INTRODUCTION:

The liver is the largest solid organ and the largest gland in the human body. It carries out over 500 essential tasks. The liver plays essential roles in the metabolism of fat, protein and carbohydrates. Also, Metabolic detoxification, the liver alters exogenous and endogenous chemicals (e.g. drugs), foreign molecules, and hormones to make them less toxic or less biologically active. Different types of homeostatic mechanisms are affected if liver function is impaired, with potentially serious consequences. About 20,000 deaths occur every year due to liver diseases.

Hepatocellular carcinoma is one of the ten most common tumors in the world. Although viruses are the main cause of liver diseases, also excessive drug therapy, environmental pollution and alcoholic intoxication¹ are not uncommon. CCl4induced liver damage was modeled in monolayer cultures of rat primary hepatocytes with a focus on involvement of covalent binding of CCl₄ metabolites to cell components and/or peroxidative damage as the cause of injury. Covalent binding of 14C-labeled metabolites was detected in hepatocytes immediately after exposure to CCl₄. Low oxygen partial pressure increased the reductive metabolism of CCl₄ and thus covalent binding. CCl₄ was bound to lipids and to proteins throughout subcellular fractions. Binding occurred preferentially to triacylglycerols and phospholipids, with phosphatidylcholine containing the highest amount of label. CCl₄ is commonly used for free radical induced liver injury. Liver is not the only target organ of CCl₄ but it also affects several organs of the body such as lungs, hearts, testes, kidneys and brain. It was reported from the investigation carried out on animal models of acute CCl₄ induced liver damage, It is now generally accepted that CCl₄ toxicity results from bioactivation of CCl₄ into trichloromethyl free radical by cytochrome P450 system in liver microsomes² and consequently causes lipid peroxidation of membranes that leads to liver.

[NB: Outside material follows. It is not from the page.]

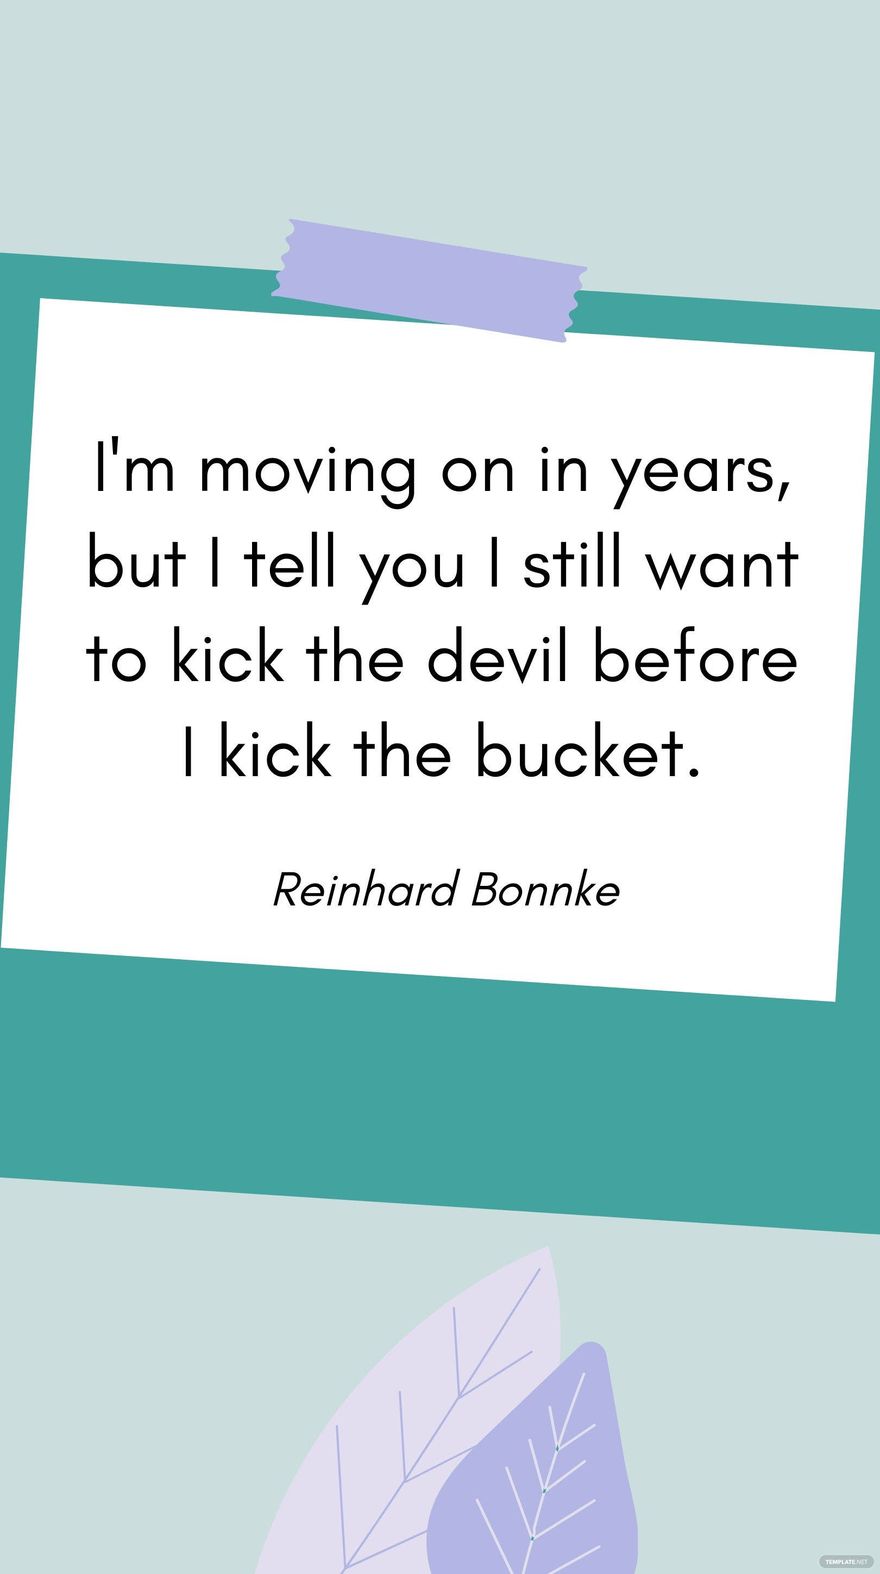 Free Reinhard Bonnke -I'm moving on in years, but I tell you I still want to kick the devil before I kick the bucket.

CCl₄ is the most recognized chemical substance used in developing models of liver and kidney damage. Therefore, CCl₄-induced liver damage is one of the best ways of inducing damage by xenobiotics and also one of the common methods of screening hepatoprotective or liver treatment drugs. The metabolism of CCl₄ begins with the formation of trichloromethyl and proxy chloromethyl free radicals via the activity of oxygenase system of cytochrome P450 in endoplasmic reticulum. The trichloromethyl radical reacts with various important biological substances such as fatty acids, proteins, lipids, nucleic acids, and amino acids

The lipid peroxidation potency of CCl₄ revealed subtle differences compared to other peroxidative substances, viz., ADP-Fe3+ and cumolhydroperoxide, respectively. CCl₄, but not the other peroxidative substances, decreased the rate of triacylglycerol secretion as very low density lipoproteins.^[2] The anti-oxidant vitamin E (alpha-tocopherol) blocked lipid peroxidation, but not covalent binding, and secretion of lipoproteins remained inhibited. The radical scavenger piperonylbutoxide prevented CCl₄-induced lipid peroxidation as well as covalent binding of CCl₄ metabolites to cell components, and also restored lipoprotein metabolism. The results confirm that covalent binding of the CCl₃ radical to cell components initiates the inhibition of lipoprotein secretion and thus steatosis, whereas reaction with oxygen, to form CCl₃-OO., initiates lipid peroxidation. The two processes are independent of each other, and the extent to which either process occurs depends on partial oxygen pressure.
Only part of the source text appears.